Sable fish is one of the most fool proof types of fish there are when it comes to making a “wow-factor” meal with little effort. We love to support fresh, sustainable sea food and these beautiful fillets come from The Fish Counter in Vancouver on Main St and 22nd.   They also make all of their own stocks. Mike, one of the owners, suggested the Soba Dashi stock for the Sable Fish. It is a traditional Japanese stock with an Umami, sweet flavor. If you aren’t close to Vancouver, you can head to your local Asian market, or check the Asian isle in your grocery store for Soba Dashi.

Serves 4 people.

*Preheat Oven to 400 degrees F

Ingredients

SABLE FISH

  • 4 fillets of fresh Sable fish, skin on (Ocean Wise and/or locally caught is best)
  • ½ jar of The Fish Counter’s house made Soba Dashi Stock (or ¾ cups store bought Soba Dashi)
  • 1/3 cup Three Farmers Original Camelina Oil
  • A dozen baby heirloom carrots (or fresh baby carrots)
  • 2 large bunches of baby turnips (about 6-7 turnips per serving)
  • 1 cup broccoli fleurettes
  • Salt and pepper to taste

GINGERED YAMS

  • 2 large yams, sliced ¼ inch thick rounds and parboiled
  • ¼ cup brown sugar
  • 2 tbsp. honey
  • 1 tbsp. fresh, chopped ginger
  • 1 clove fresh garlic
  • 1 tbsp. gluten free Tamari (or soy sauce)
  • ½ jar of The Fish Counter’s house made Soba Dashi Stock (or ¾ cups store bought Soba Dashi)
  • 2 tbsp. Three Farmers Original Camelina Oil

 

Method

***Brining your fish is optional but is a great way to keep it moist and buttery. All you need is about a litre of water, a tablespoon of salt and a teaspoon of sugar. Dissolve the salt and sugar and place your fillets in the brine. Refrigerate for about 15-20 minutes while you are preparing the rest of the dish.

YAMS:

In a large frying pan, heat your camelina oil on medium and add your parboiled yam rounds to the pan. Sprinkle your sugar, ginger and garlic over the yams and pour in the tamari, honey and Soba Dashi. Cover with a lid and allow the yams to simmer, creating an Asian inspired syrup. Once they are browned and the syrup has thickened, turn the heat on low and allow to simmer while the fish cooks.

FISH:

Add your Camelina oil to a frying pan or skillet, and heat your camelina oil. Allow it to get quite hot and test the temperature by adding a drop of water to the pan. If it jumps, the pan is ready. Place the fillets skin side down in the pan and allow them to sear until the skin is a golden brown. Remove from the pan and place in an over safe dish, skin side up. Place all of your veggies around the fish and pour half of the Soba Dashi over them. Place it in your oven uncovered for about 15-20 minutes. If you get busy chatting over a glass of wine, don’t worry! Sable fish actually gets better the longer it cooks.

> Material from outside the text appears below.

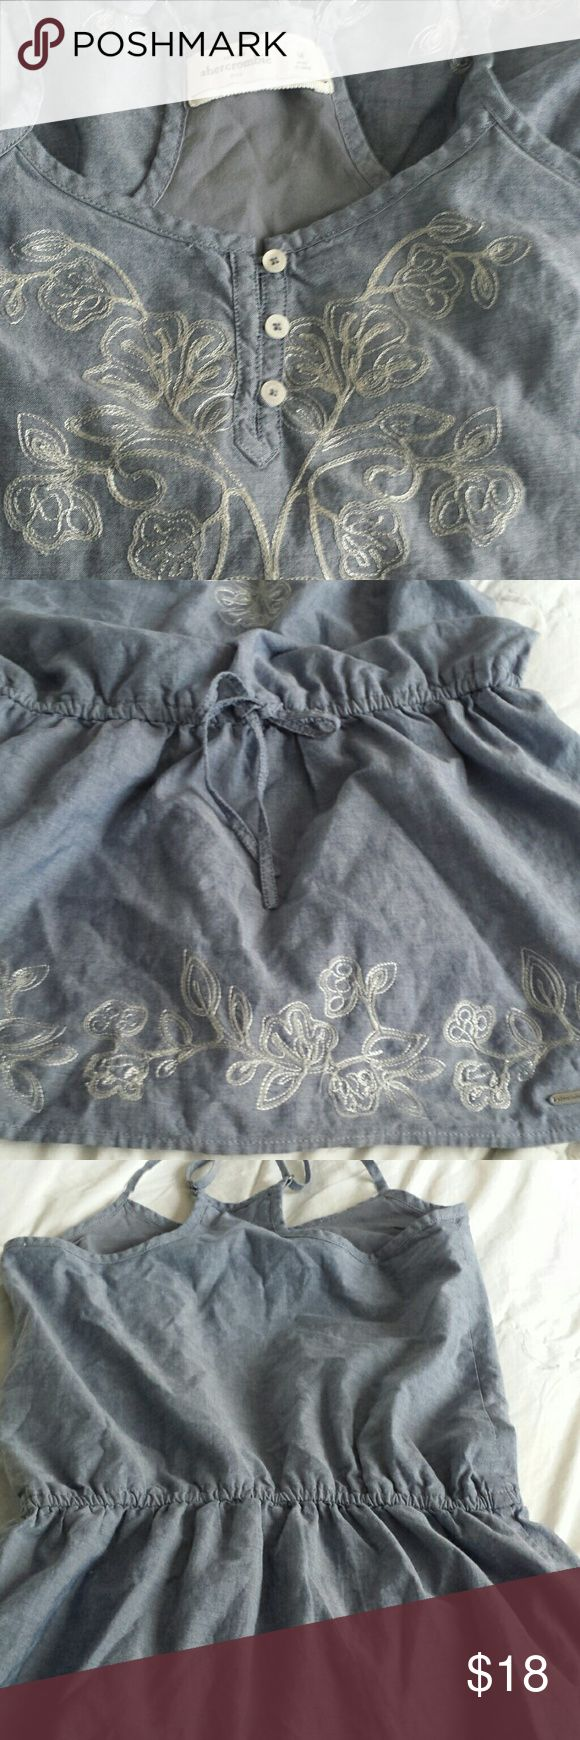 DENIM ABERCROMBIE GIRLS DRESS. ABERCROMBIE DRESS WITH ADJUSTABLE SHOULDER AND WAIST STRAPS. ABERCROMBIE  Dresses

Once the skin has a nice crunch to it and your veggies and starting to brown, remove from the oven and serve, pouring the rest of the Soba Dashi over the veggies. Do not pour the broth over the skin as it will make it go soggy and you want a nice, crispy skin.

This is a beautifully buttery fish and goes very well with Chardonnay such as the Sandhill Chardonnay from Kelowna, BC.